Garfinkle: Madonna does not think she’s Jewish exactly; she is not a convert to Judaism, and she knows it. She thinks she’s a kabbalist, an adept of Jewish mysticism, but without the Jewish foundation that makes this even imaginable. She nonetheless has taken a Hebrew name and has styled herself during some recent visits to Israel as an ambassador for Judaism. If this sounds confused, it’s because it is. Madonna has been fed a line of dime-store therapy, and swallowed whole; but that’s her business. It matters to me because we now live in a post-rabbinic world, in the sense that most Jews no longer adhere to the system of communal authority and discipline that kept them a unitary people in exile since the First Century of the Common Era. Charlatans and heretics beyond the purveyors of faux-kaballah could have a field day distorting the traditions of rabbinic Judaism to the point that the real thing could be overwhelmed, and the identity of Jewish civilization itself destroyed. As I say in the book, just imagine what Shabtai Tzvi, the 17th century false messiah who caused so much pain and trouble, could have done with the Internet.
Mead: You make a strong case about a set of ideas and obsessions that have deep historical and cultural roots. Looking forward, what should the Jews expect? Will things get better, worse, or will it just be more of the same?
Garfinkle: My hope, of course, is that everyone just relax, get a grip, and stop these infernal, mutually reinforcing exaggerations. But I know that’s not going to happen. In some ways, as I describe in the book, Jewcentricity is spreading in all its forms courtesy of the virtual world that has lately been superimposed on the material one.

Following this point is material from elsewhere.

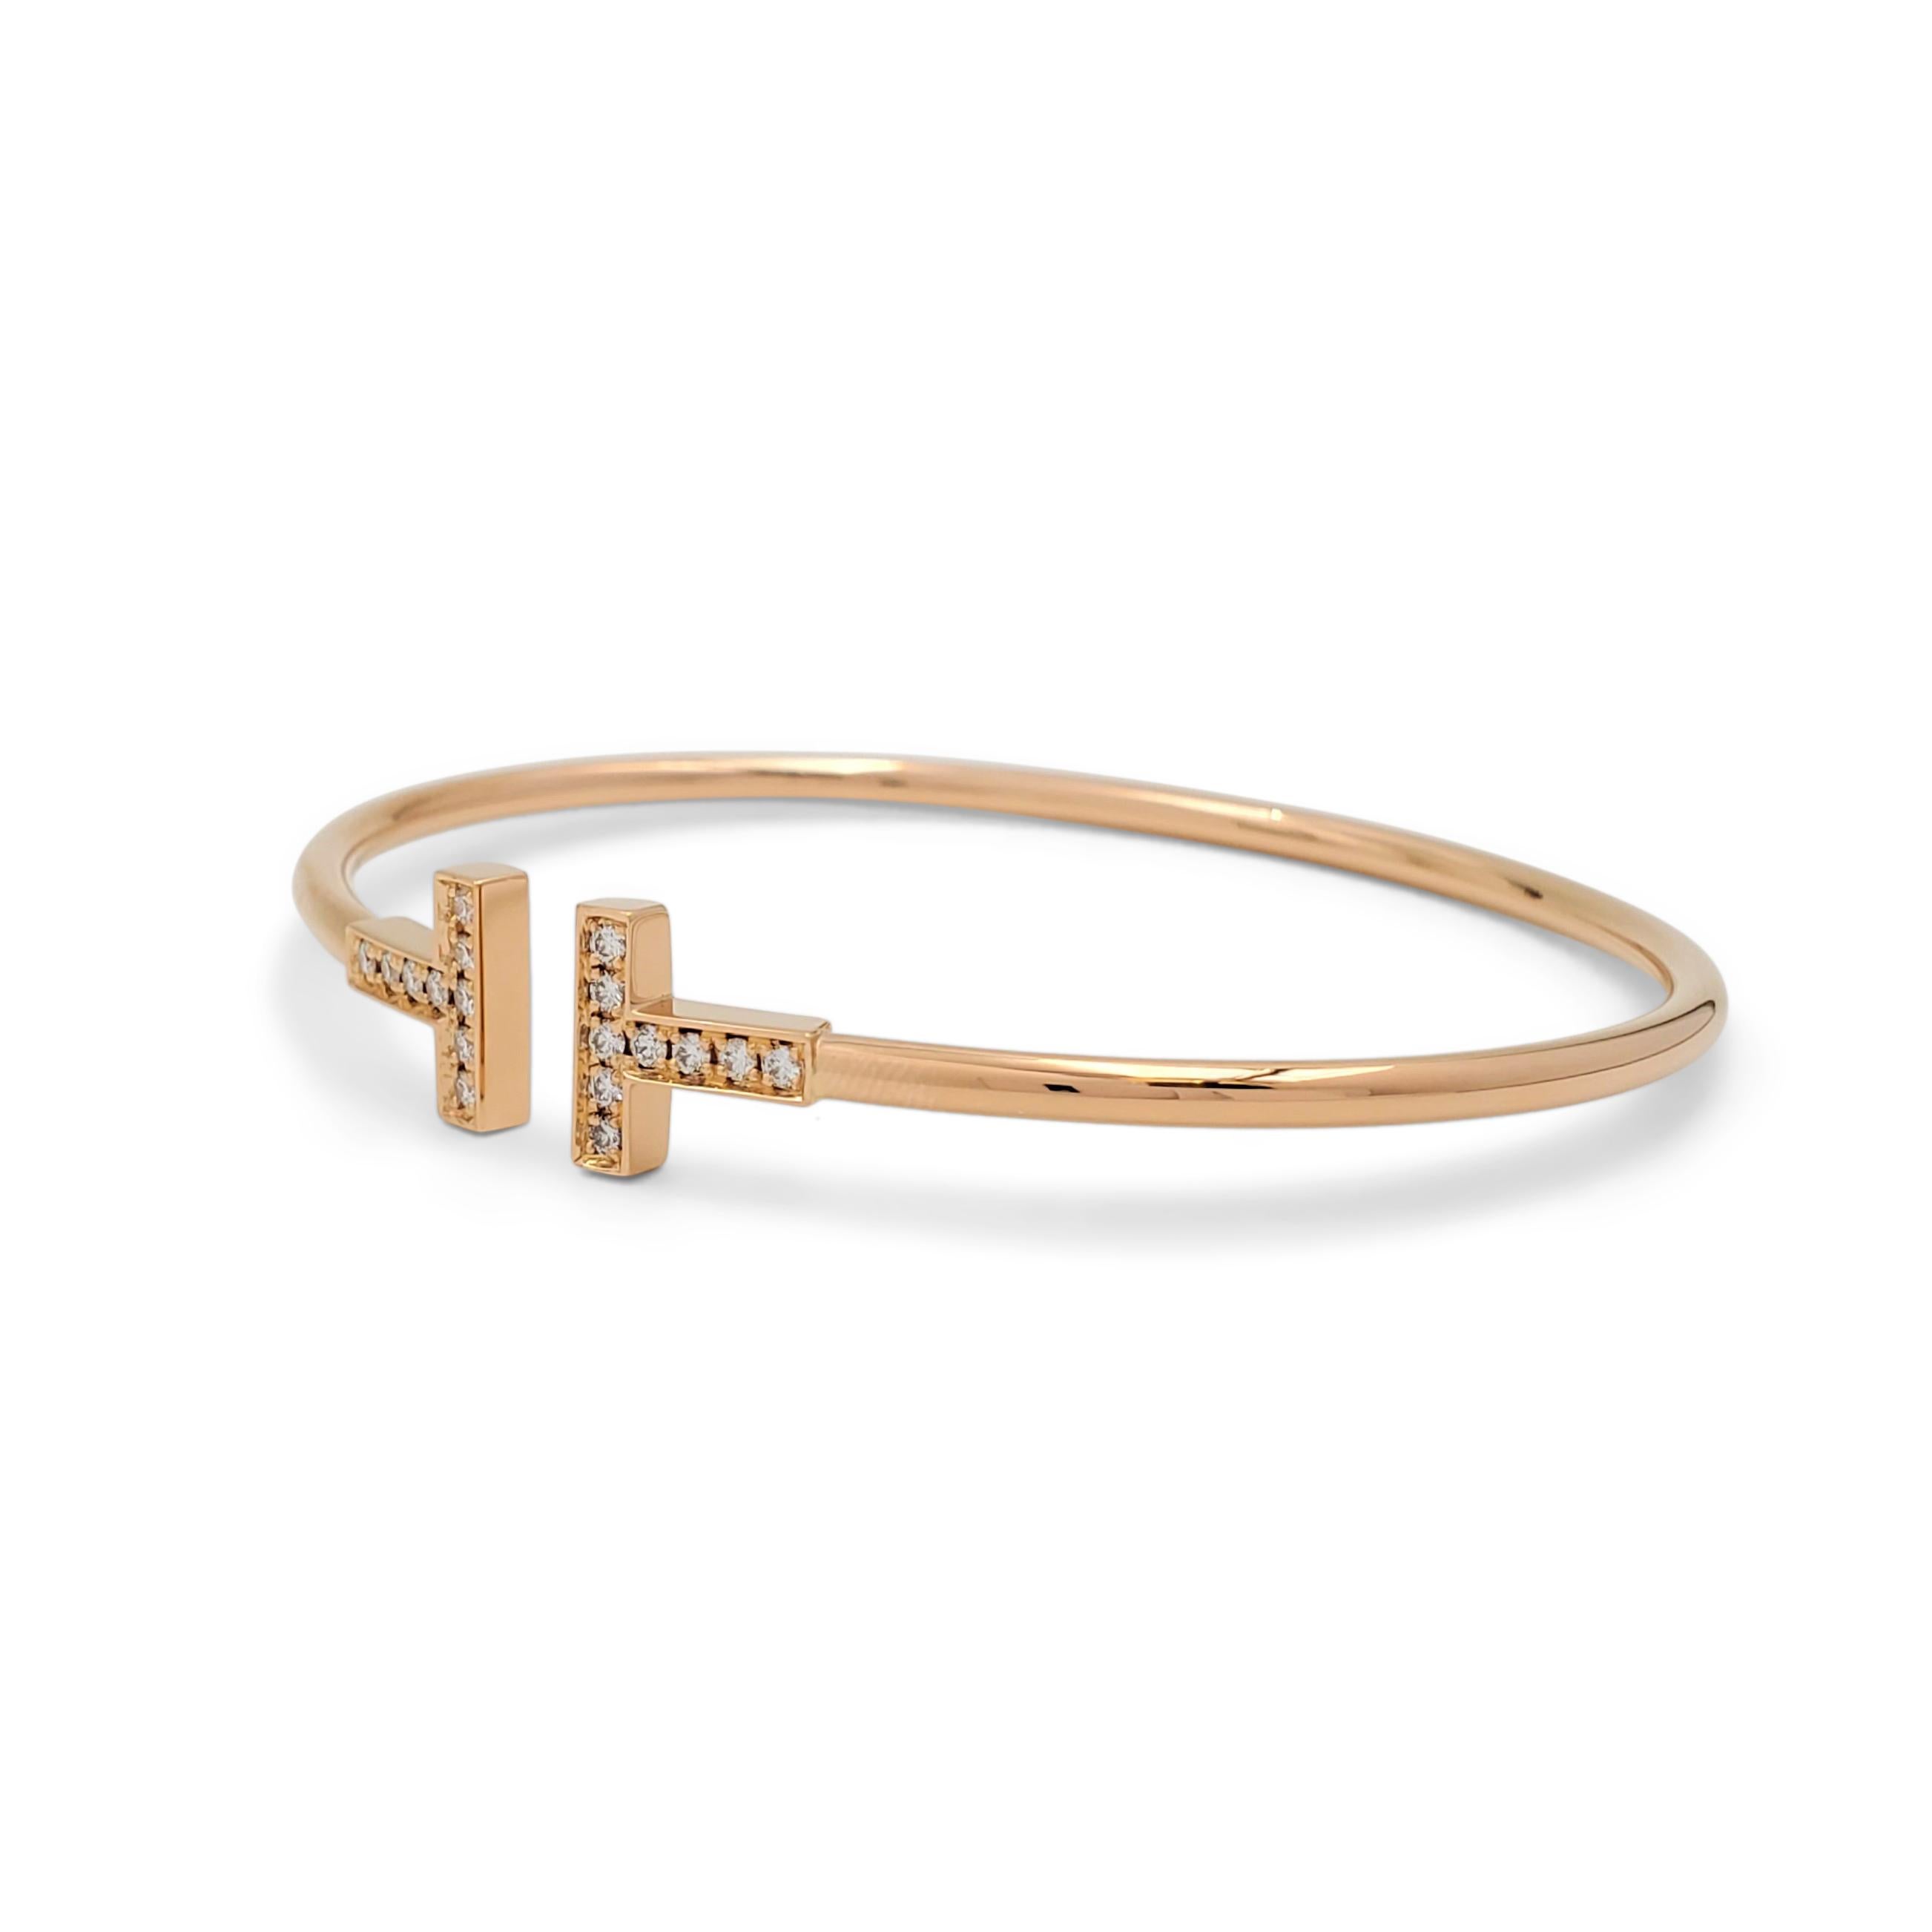 Authentic timeless Tiffany & Co. 'T Square' wire bracelet, inspired by the strong, clean lines of the letter T. Crafted in 18 karat rose gold and set with an estimated 0.22 carats of round brilliant cut diamonds. Signed T&Co., Au750. The bracelet is

There have been Jewcentric episodes in the past in the absence of actual Jewish communities—in Puritan New England, in early 20th century Japan, and in a few other cases. But now conspiratorial and otherwise unhinged eclectic images of Jews are zooming around the world at near light speed, alighting in scores of places where there are not and never have been significant Jewish communities. This leads me to suspect that Jewcentricity is, unfortunately, a growth industry. Whether it will be positive in the main or negative depends, I think, on how the trials and tribulations of global capitalism work out. Jews have long been associated in the eyes of many as the avatars of “creative destruction,” whether in league with the 17th and 18th century Dutch, the 18th and 19th century British, or the 20th century Americans. Images of Jews as shadowy movers and shakers of high finance is hardwired into the imagination of our planet, for reasons with at least some frail historical basis. At this point, I would not want to hazard a prediction about whether things will look up, or not. That, certainly, is way above my pay grade.